Underpinning research
Cinpoes'ş underpinning insight was to identify that there was no
comprehensive and up to date
study of Hamlet in Romania. Her research proposed a study in
cultural memory that explored
Hamlet as a locus for understanding the synergy between
translation, performance and
appropriation, and as an instrument for recovering past and censored
history. This addressed two
old yet pressing issues confronting the approach to Hamlet/Shakespeare
in Romania and
Romanian (and in all countries and languages where Shakespeare has been
co-opted for political
purposes): it placed into dialogue the page, the stage and critical
reception of Shakespeare, and it
legitimised these approaches to understanding Shakespeare within the wider
subject of
Shakespeare Studies. An account of the naturalisation of Hamlet
within Romanian language and
culture, it examined how Hamlet in performance was recruited to do
political work (an established
practice in the East European Bloc) while simultaneously, in literary and
critical circles, being
considered solely in terms of the Englishness of the text - a strategy,
Cinpoeş suggested, to avoid
censorship.
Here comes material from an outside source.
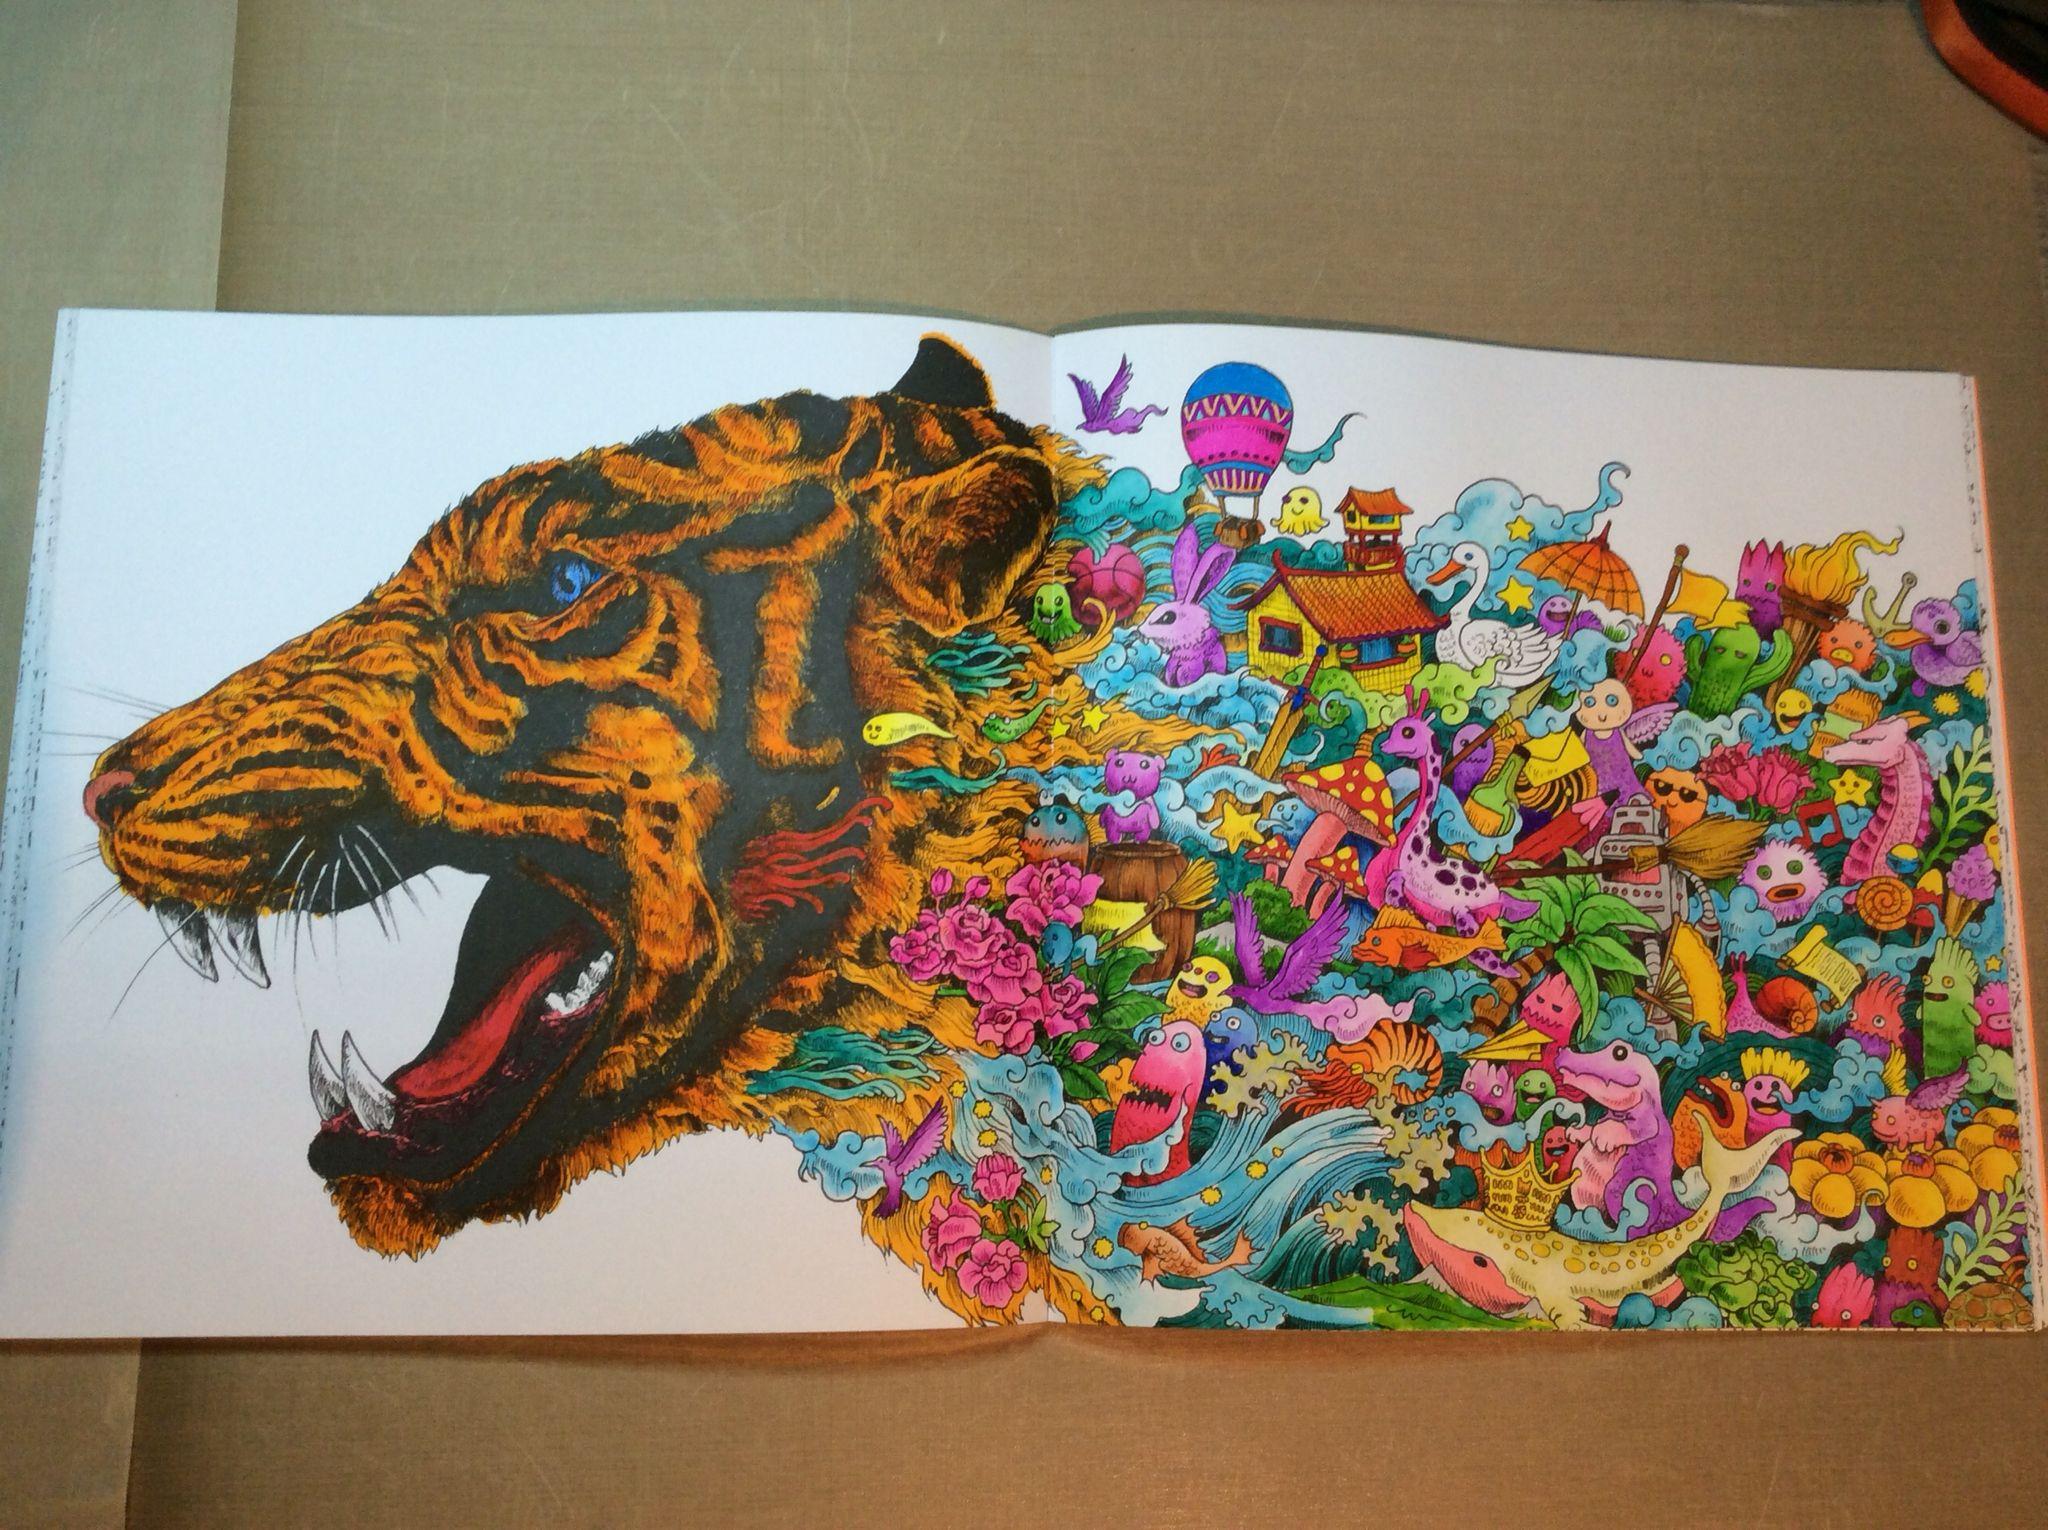 The coloring book clean - Animorphia Color Book Zig Clean Brush And Akashiya Sai Brushpen Briah Bat Aryeh

She argued that, if the first instinct was to use Hamlet
as a way of establishing
Shakespeare in Romania as the `great Brit', and the second was to canonise
the play in order to
suit Romanian purposes, the third, and latest, has been to see Hamlet
as a theatre event in its own
right.
Cinpoeş built on earlier studies of Hamlet in translation (1938;
1971) and reclaimed Hamlet from
literary, scientific and cultural appropriations as it continued to play a
covert political role during
communism. She proposed that Hamlet in Romania (translated,
performed or debated in criticism)
was a political story, both effecting and reflecting political change. Any
Hamlet on the English stage
represents a negotiated settlement between text and performers — between
actors and directors on
the one hand and Shakespeare's massively over-endowed playtext on the
other. Hamlet on the
contemporary Romanian stage must also negotiate a settlement with the
complicated issue of
translation — linguistic, cultural, and theatrical — in a Post-Eastern
Bloc milieu.
By analysing the several stages of estrangement that occur in the process
of translating Hamlet
onto the Romanian stage, Cinpoeş explored how Hamlet had
intervened in the cultural politics of
Romania from the beginning of the nineteenth century. Concerning literary
translations, she
addressed issues that preoccupied Romanian academics. Turning to
theatrical, published
translations intended primarily for staging, she focussed on the largely
neglected double nature of
the translation project - translating the playtext and translating the
performance text. The
research's novelty lay in its open discussion of problems habitually
obscured: it pieced together the
play's history from scattered sources (poems, newspapers, journals,
memoirs, censored reviews,
hand-written surveys, photographs and live theatre productions),
retrieving material that risked
disappearance through political change, accidents of time, improper
archiving, and wear and tear.
In discussing recent Romanian Hamlets Cinpoeş argued that they
proposed Hamlet as a kind of
stranger, estranged by a form of political exile - but she also credited
them with recovering the
past, liberated from heavily political encoding and struggling in complex
ways to rediscover theatre
and history. These productions refused to tie Hamlet to the past
(stories, histories, theatrics),
posing anew the urgent question `Who's there?' to Romania and a world of
shifting borders, wars,
`thrift' times and theatre in which multi- and inter-mediality are the
norm.
The project's broader academic import lay in helping to complete the
picture of Shakespeare in
Europe alongside recent studies on Shakespeare in Germany, Bulgaria,
Poland, Hungary and
Spain. It informed the continuous debate on Shakespeare's role in shaping
Europe, especially in
light of 2004 and 2007 remapping, providing a model of practice for
Shakespeare story telling that
is global and urgent.
Cinpoeş carried out the research between 2008 and 2010, while employed by
the University of
Worcester (as Lecturer, and subsequently Senior Lecturer in English).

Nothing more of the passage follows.